Except that misses the entire situation. Putting it in modern cop terms, it would be suicide by bullet for the express purpose of ending up with the lethality of bullets defeated.
Just the Crucifixion is meaningless. It is part of a whole Event running from conception to Ascension, all of which was a battle (or series of battles) aimed at setting things back towards the path intended from the beginning.

2 Likes

I’ve missed nothing in the huge dark Christiano-Jewish story, and added something. The identification of that problem.

:woozy_face:

Yeah, the first is a myth, the second a fable. So what? Neither is real!
Myths (Britannica)
Characteristics of a fable (Britannica)

Can’t resist the insult then.

You are just side tacking, as usual.

Your analogy fails. You are not attempting to beat the four minute mile.
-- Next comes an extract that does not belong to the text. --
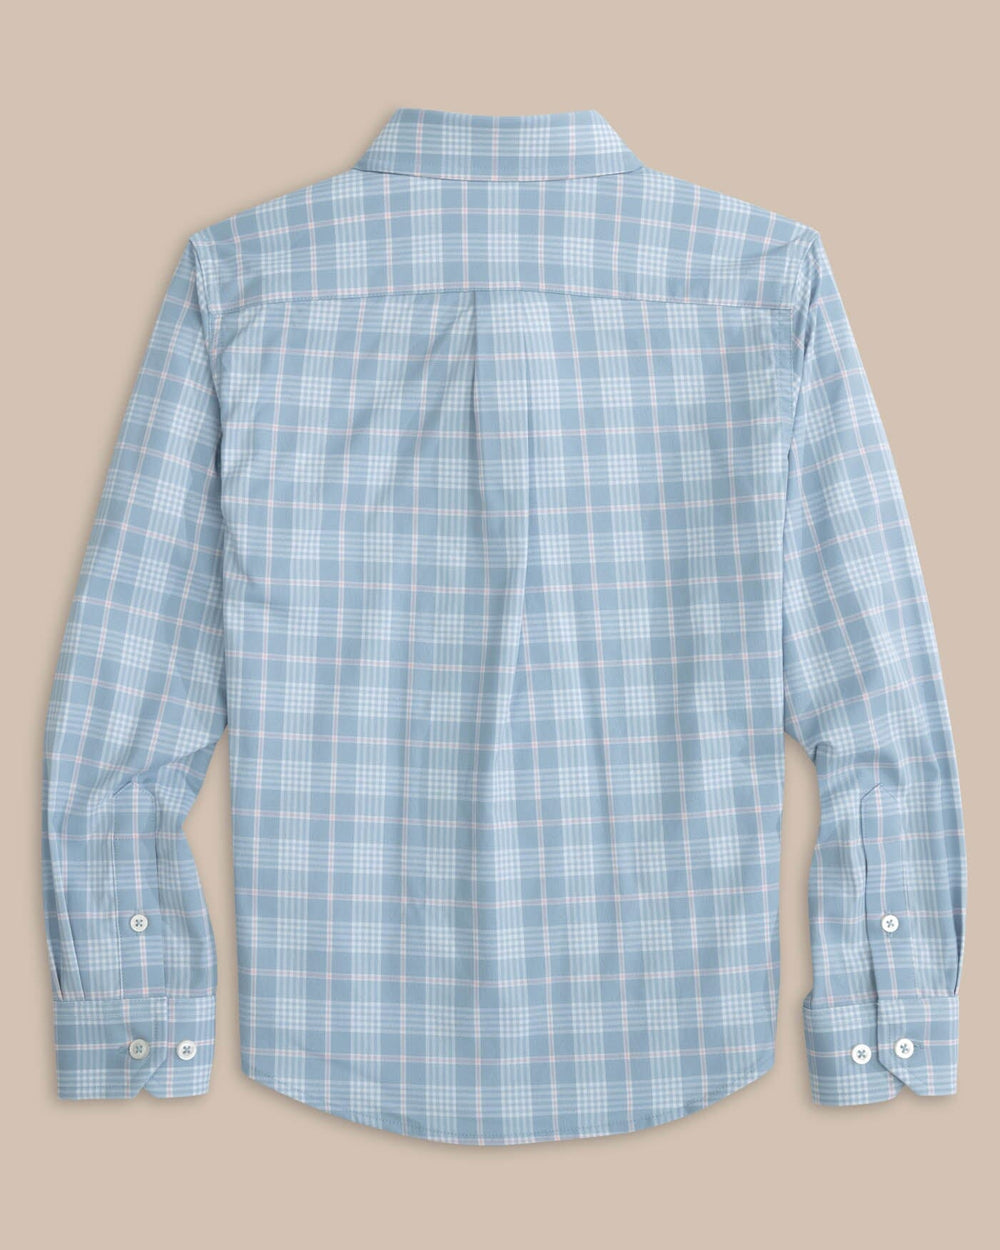 The back view of the Southern Tide Kids Intercoastal Primrose Plaid Long Sleeve Sport Shirt by Southern Tide - Subdued Blue

What a terrible view of God you have. His intentions never changed. Christ was always going to come and die for us, it is a shame you misunderstand His real reasoning. Humanity (Adam) did not change anything.

Richard

Personally, I can’t escape the conclusion that you have missed something “in the huge dark Christiano-Jewish story,” and that what you’ve identified as the problem may itself be an illusion.

Try this: Jesus didn’t “engineer a suicide-by-cop scenario.” He entered freely into a fullness of time cage — a world already hostile to love and truth and came with a nurtured and mature fidelity to the One whom he believed had sent him, and lived his life in that cage with the integrity of one who chose to love imperfect people. He foresaw the likely end but did not orchestrate it. There’s a profound difference between engineering death and accepting it as the cost of faithfulness.

5 Likes

So which of these do you not accept?

  • Variation Exists Within Populations Individuals of a species show genetic and phenotypic differences.
  • Traits Are Heritable Many variations are passed from parents to offspring through genes.
  • Overproduction of Offspring More individuals are born than the environment can support.
  • Struggle for Existence Limited resources lead to competition among individuals.
  • Natural Selection Individuals with advantageous traits are more likely to survive and reproduce.
  • Differential Reproduction Favorable traits become more common in the population over generations.
  • Descent with Modification Species change over time, and new species can arise from common ancestors.
  • Speciation Accumulated changes can lead to the formation of new species.
  • Common Ancestry All life shares a common origin, branching out over time.
  • Adaptation to Environment Organisms evolve traits that enhance survival in specific ecological niches.

Nice heterodox rhetoric.

  • Perhaps. But the rhetoric of faithfulness over fatalism has rather good company — from Paul to Moltmann.
2 Likes

Hello, Apistos.

Fundamentally.
Foundationally, according to the text and beyond. I am.

I unapologetically, hopefully take it all on blessed, unseeing faith. Sin, salvation, Love in spite of it self, redemption, adoption, renewal, revelation of and from God, and the Kingdom to come. Evolution. A uni/multi/compounding-universe reality. The unknown and unknowable.

Hope constrains me. Not some rational pursuit, and I’ve realized that the demand that I treat it as such only does harm.

Thomas was forthright, and his doubt was blessed with sight and faith, as perhaps mine one day will be. Perhaps yours as well.

If I’ve been a fool, I’ve been a blessed one.

The humiliation will come too late.

3 Likes

Well said. Excellent. I have a lot of time for both. Not being a fatalist, apart from ultimately. I’m going to cease to exist soon-ish. [In a heartbeat.]

1 Like

I’m the fool K. Your pure, honest faith is courageous.

That you see a problem shows that you’ve missed the core.

No, the first is temple inauguration and royal chronicle, the second is . . . I’m not sure of the proper label, but “myth” works.

The concept is the same: you’re saying that if you can’t “win” there’s no point in trying. That’s childish.

What, that He fought on our side? Sounds pretty excellent to me.

Not according to scripture. “Always come”, almost certainly; “die for us”, wasn’t the intention.